• _WHAT IS NEEDED_
Transcribe the listing exactly, skipping every picture.

• _INFORMATION SUPPLIED_
==============================

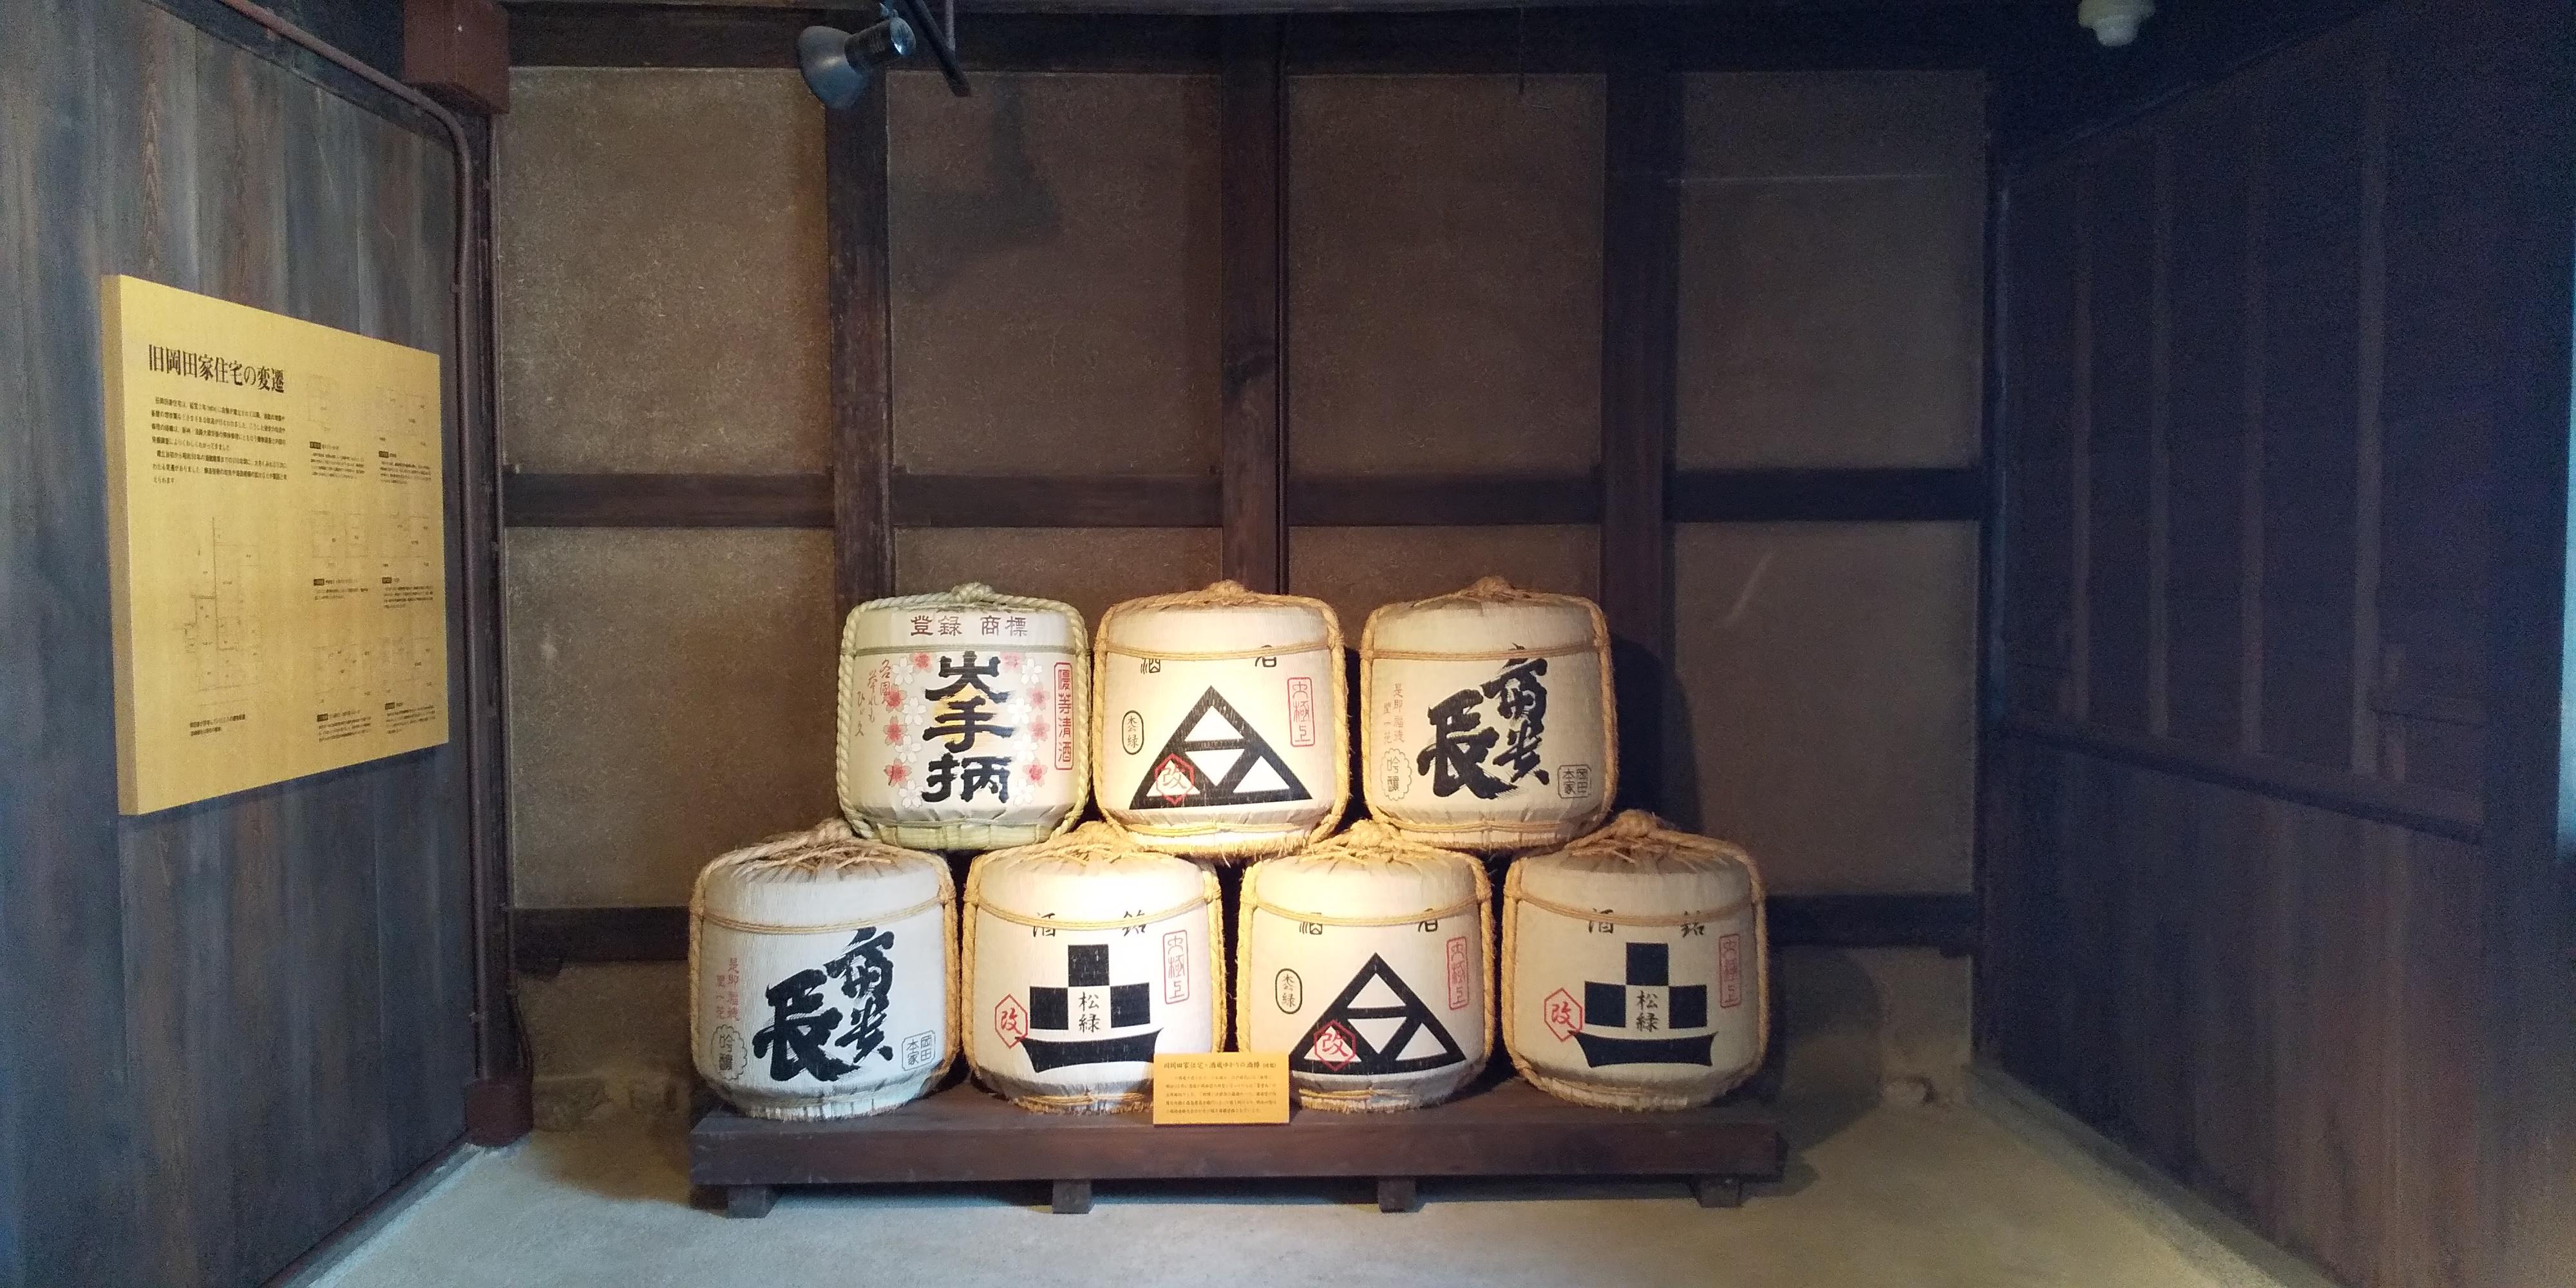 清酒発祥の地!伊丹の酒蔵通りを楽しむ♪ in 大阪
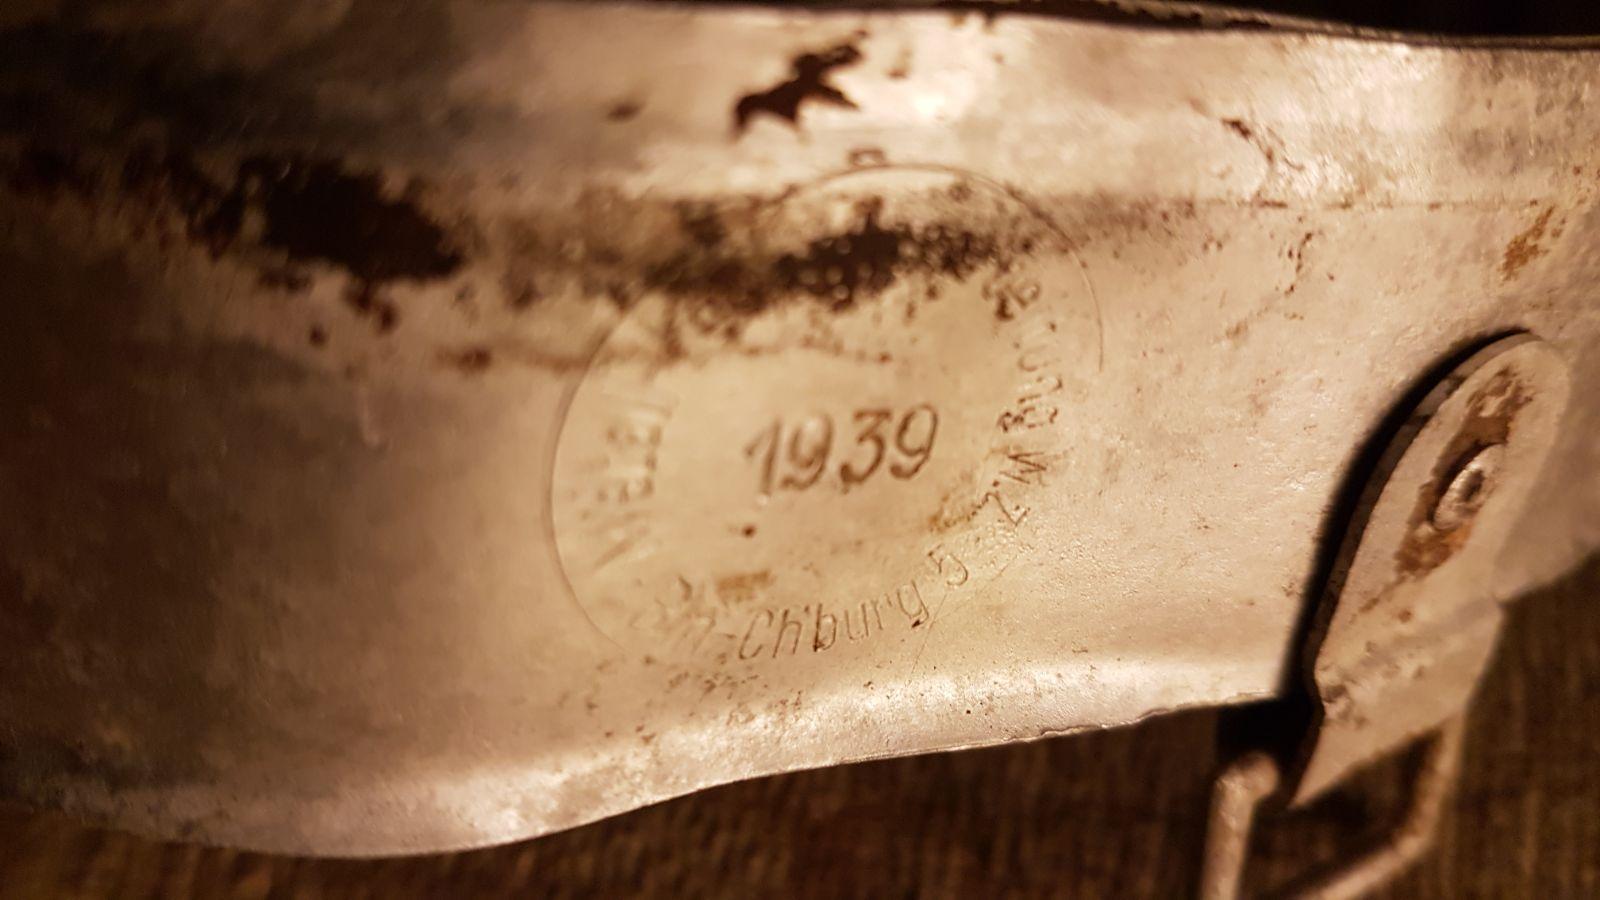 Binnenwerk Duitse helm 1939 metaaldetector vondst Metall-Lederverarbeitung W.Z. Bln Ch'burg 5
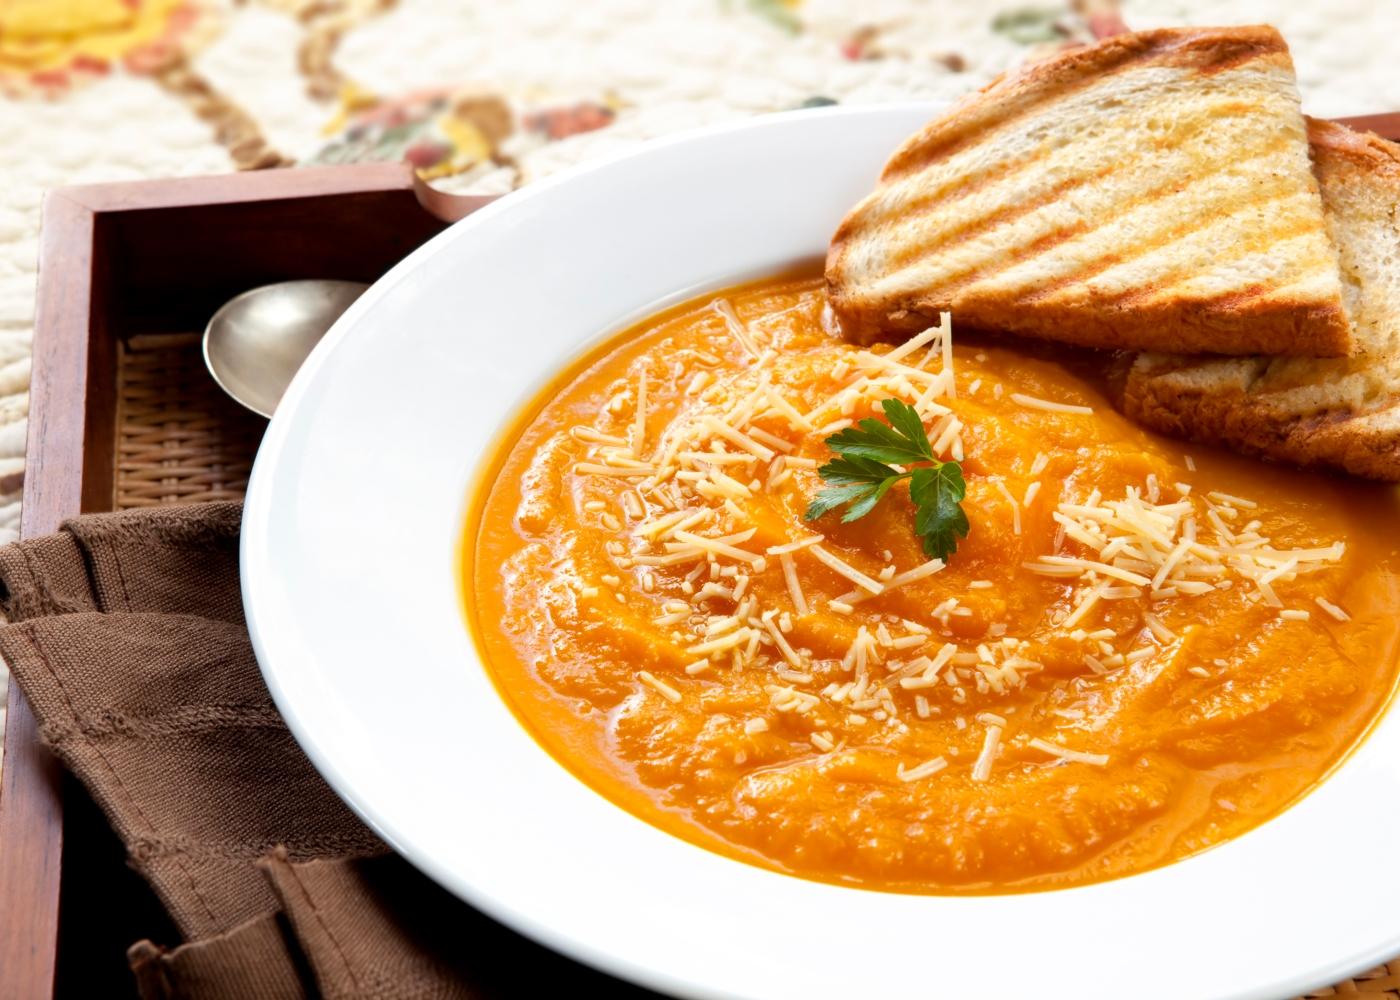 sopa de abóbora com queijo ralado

==============================

• _FINAL ANSWER_
 清酒発祥の地!伊丹の酒蔵通りを楽しむ♪ in 大阪
 Binnenwerk Duitse helm 1939 metaaldetector vondst Metall-Lederverarbeitung W.Z. Bln Ch'burg 5
 sopa de abóbora com queijo ralado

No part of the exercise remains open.